According to Wikipedia the Levenshtein distance can be calculated using a following piece of pseudocode.
int LevenshteinDistance(string s, string t)
{
int len_s = length(s), len_t = length(t), cost = 0;
if (s[0] != t[0])
cost = 1;
if (len_s == 0)
return len_t;
else if (len_t == 0)
return len_s;
else
return minimum(
LevenshteinDistance(s[1..len_s], t) + 1,
LevenshteinDistance(s, t[1..len_t]) + 1,
LevenshteinDistance(s[1..len_s], t[1..len_t]) + cost);
}
If I understand your requirement correctly you want differences at the beginning of the collection to be more significant than differences towards the end.

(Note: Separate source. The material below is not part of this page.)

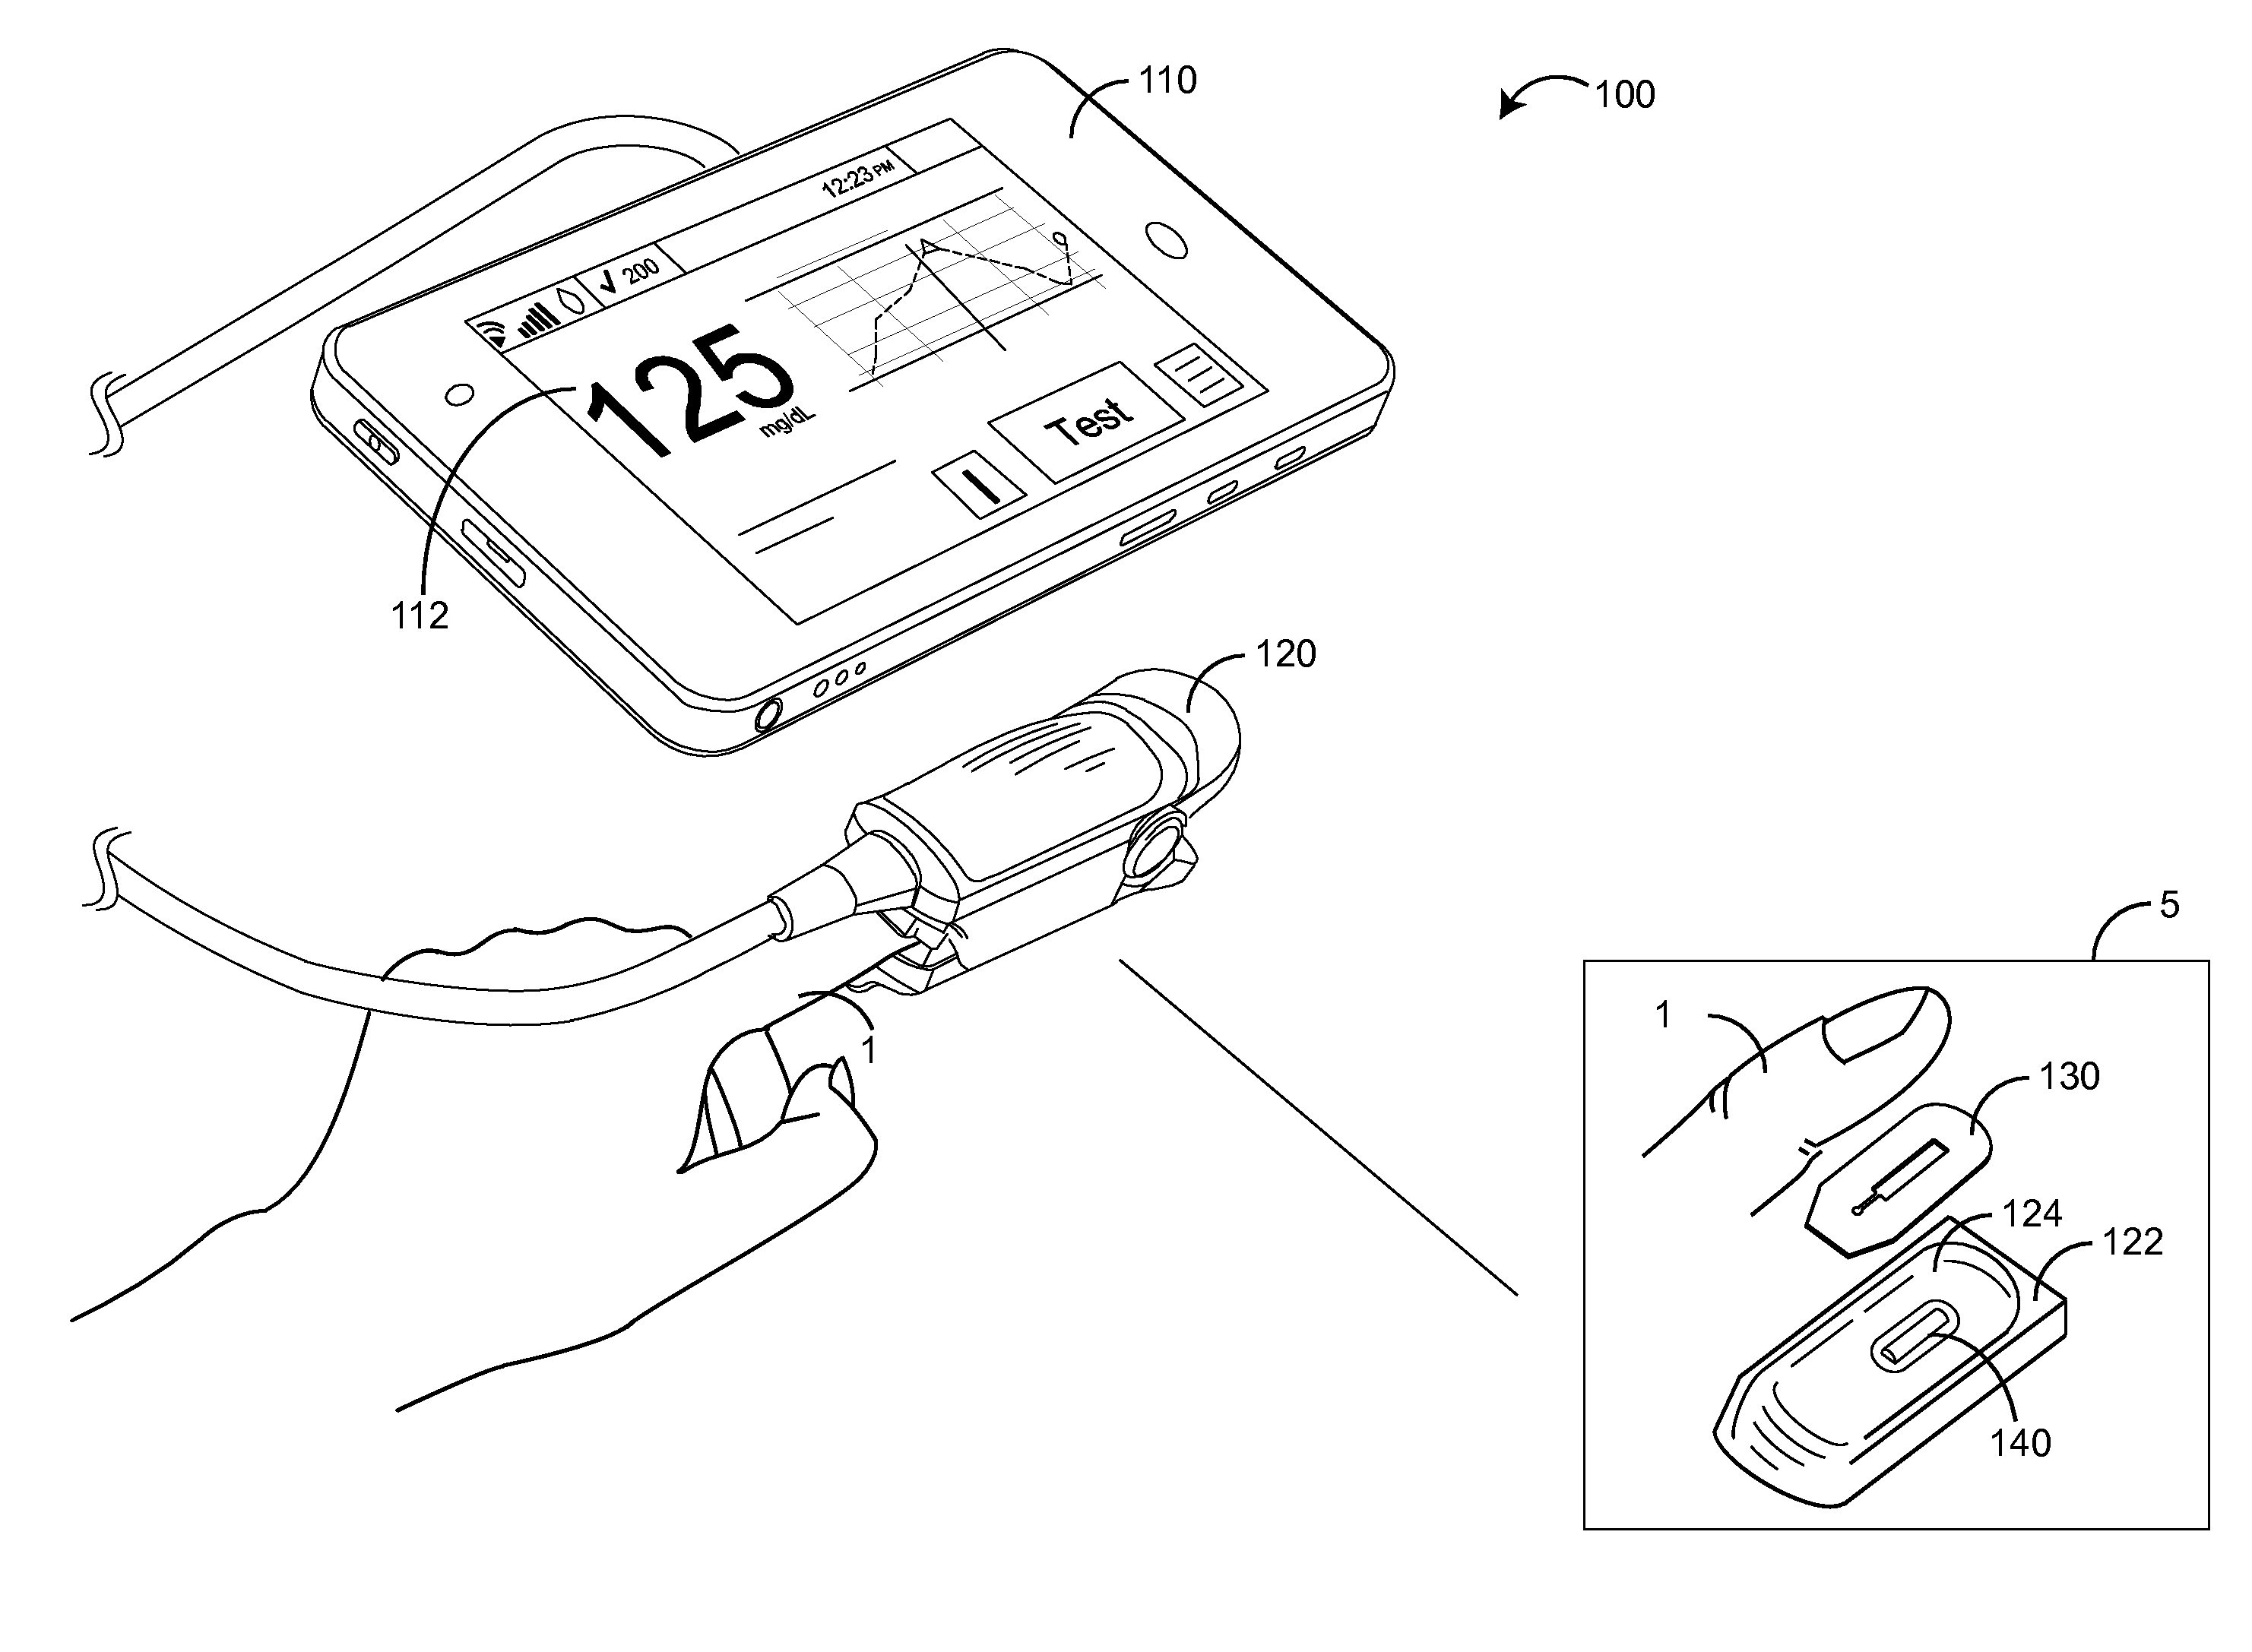 Finger-placement sensor tape

Let's adapt this recursive function to reflect this demand.
float LevenshteinDistance(string s, string t, float decay)
{
int len_s = length(s), len_t = length(t), cost = 0;
if (s[0] != t[0])
cost = 1;
if (len_s == 0)
return len_t;
else if (len_t == 0)
return len_s;
else
return decay * minimum(
LevenshteinDistance(s[1..len_s], t, decay) + 1,
LevenshteinDistance(s, t[1..len_t], decay) + 1,
LevenshteinDistance(s[1..len_s], t[1..len_t], decay) + cost);
}
When decay
is a parameter belonging to the interval (0,1) differences on larger indices become less significant than differences on previous ones.
Here's an example for decay=0.9
.
s t dist
"1234" "1234" 0.0000
"1234" "1243" 1.3851
"1234" "2134" 1.6290